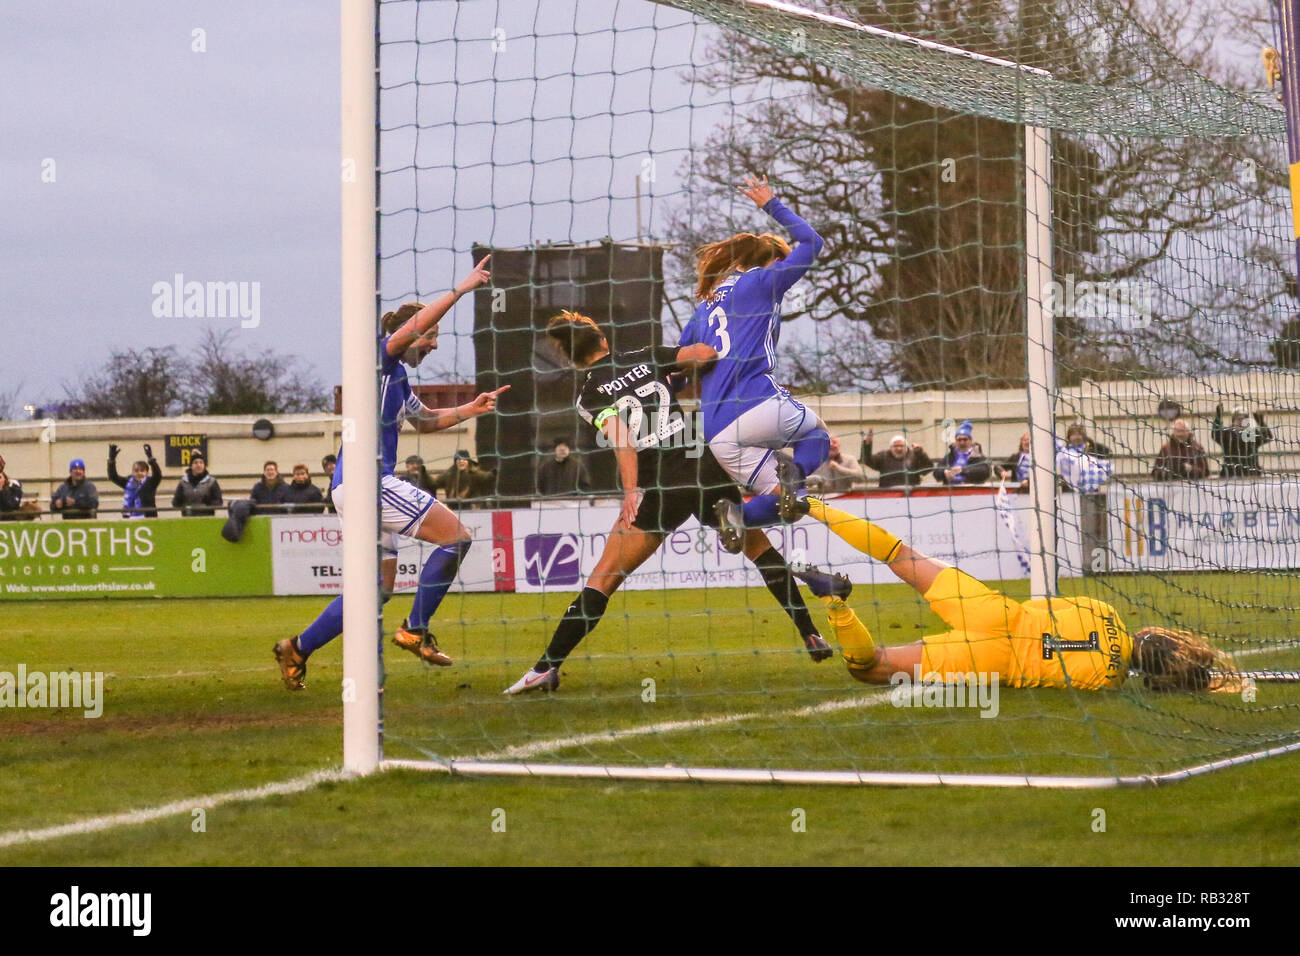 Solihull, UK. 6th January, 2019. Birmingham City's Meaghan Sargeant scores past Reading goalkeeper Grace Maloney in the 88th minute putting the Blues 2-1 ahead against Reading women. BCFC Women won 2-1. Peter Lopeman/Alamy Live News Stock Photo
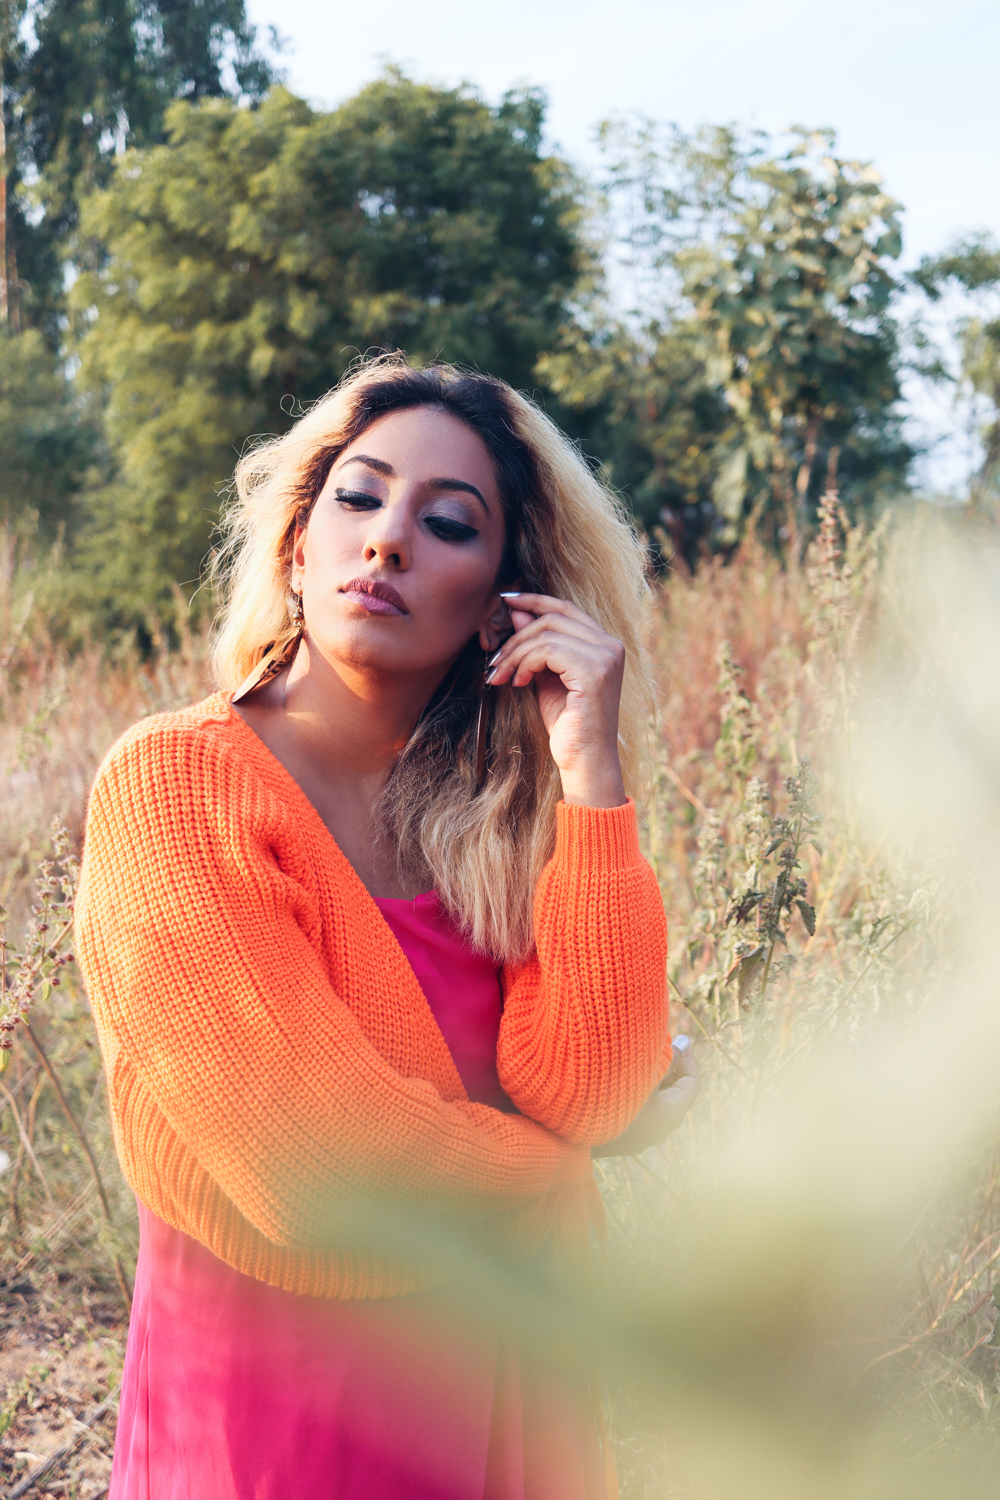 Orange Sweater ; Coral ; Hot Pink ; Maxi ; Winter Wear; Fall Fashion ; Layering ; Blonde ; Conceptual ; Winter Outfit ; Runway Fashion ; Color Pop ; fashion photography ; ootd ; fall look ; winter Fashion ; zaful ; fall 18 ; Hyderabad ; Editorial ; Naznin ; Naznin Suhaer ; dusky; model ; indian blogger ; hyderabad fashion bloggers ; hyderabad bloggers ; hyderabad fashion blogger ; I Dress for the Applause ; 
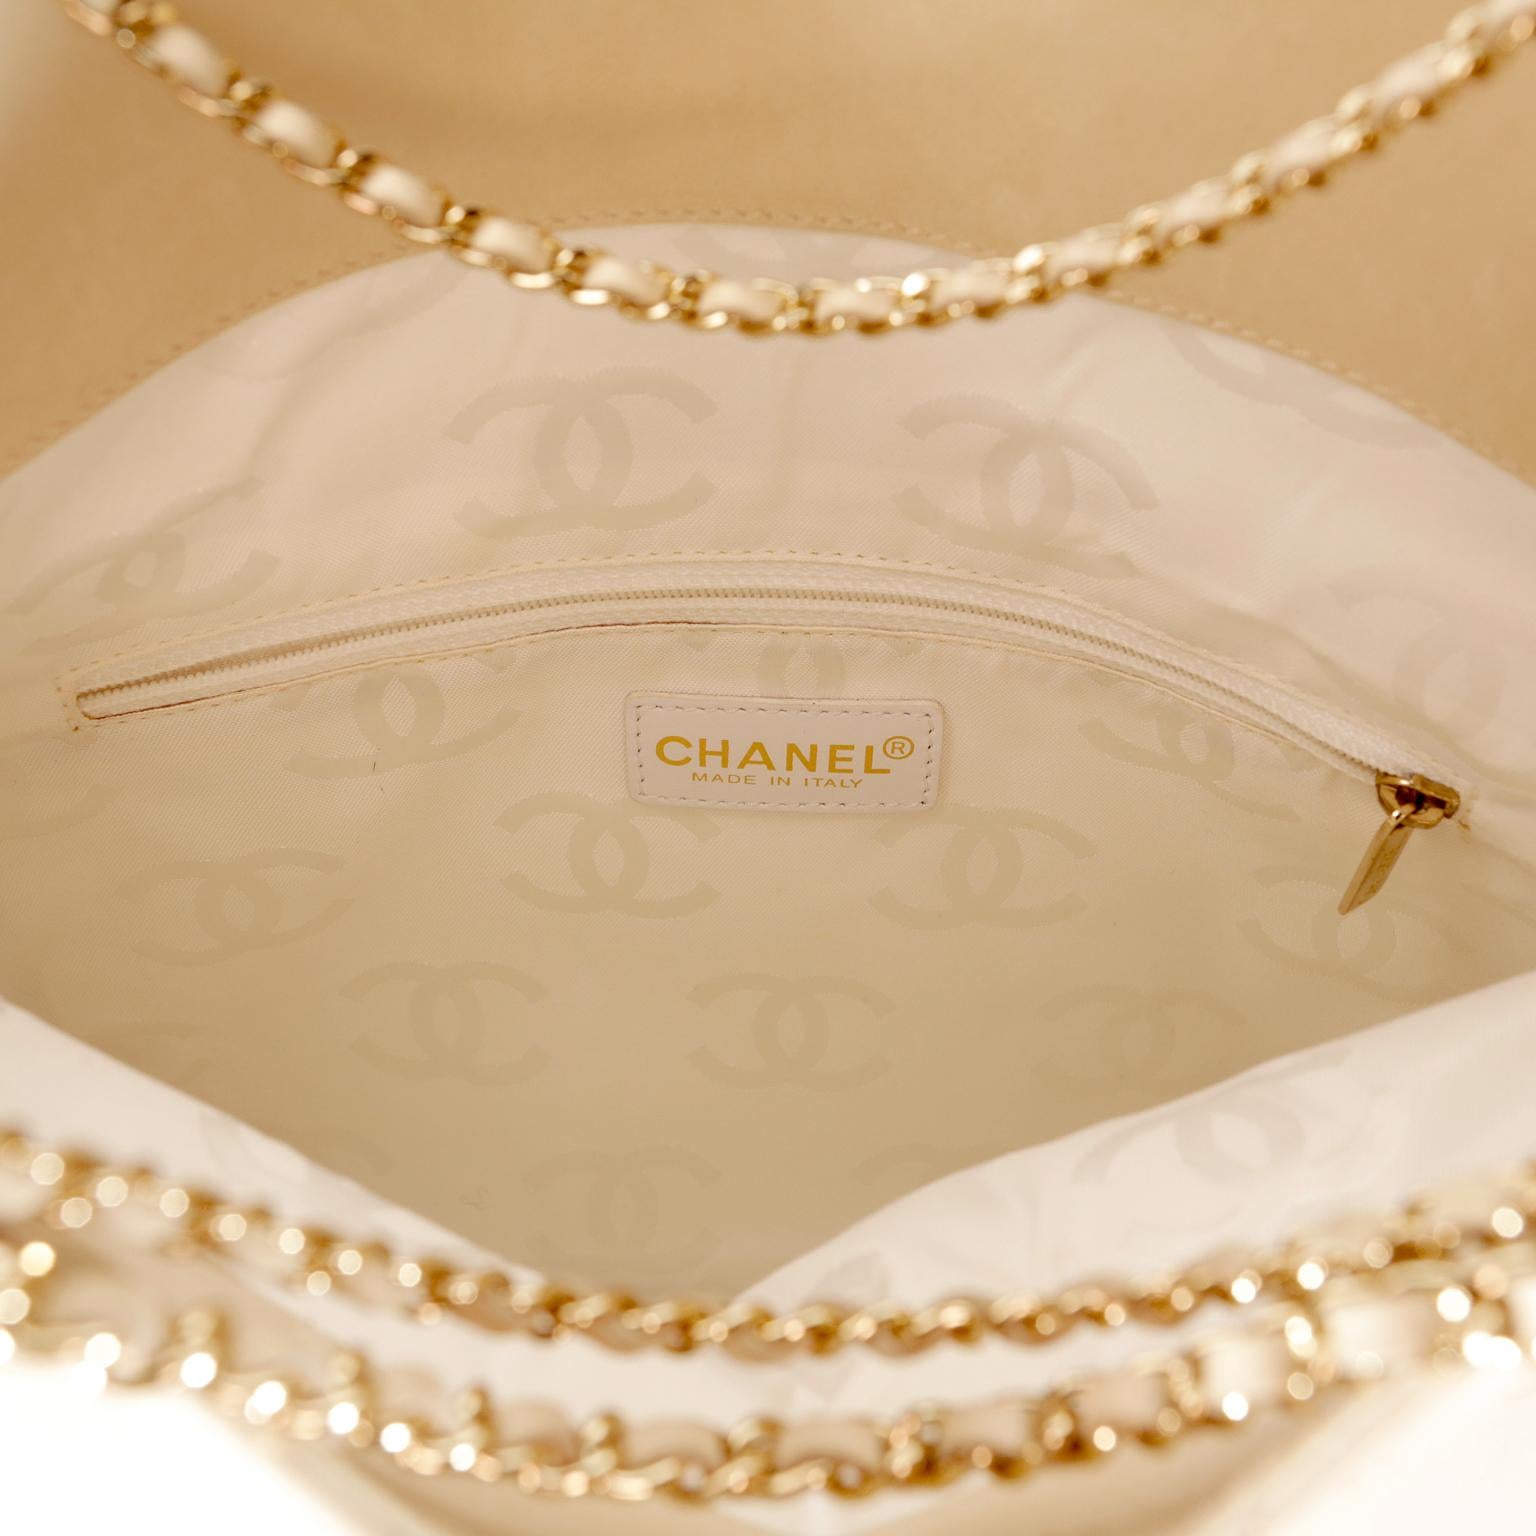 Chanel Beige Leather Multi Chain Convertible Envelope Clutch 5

════════

§ What you are asked to do:
Repeat each line word for word, from the one with "Orange Sweater ;" down to the last line of the data, and keep the pictures out of it.

§ Written answer:
 Orange Sweater ; Coral ; Hot Pink ; Maxi ; Winter Wear; Fall Fashion ; Layering ; Blonde ; Conceptual ; Winter Outfit ; Runway Fashion ; Color Pop ; fashion photography ; ootd ; fall look ; winter Fashion ; zaful ; fall 18 ; Hyderabad ; Editorial ; Naznin ; Naznin Suhaer ; dusky; model ; indian blogger ; hyderabad fashion bloggers ; hyderabad bloggers ; hyderabad fashion blogger ; I Dress for the Applause ; 
 Chanel Beige Leather Multi Chain Convertible Envelope Clutch 5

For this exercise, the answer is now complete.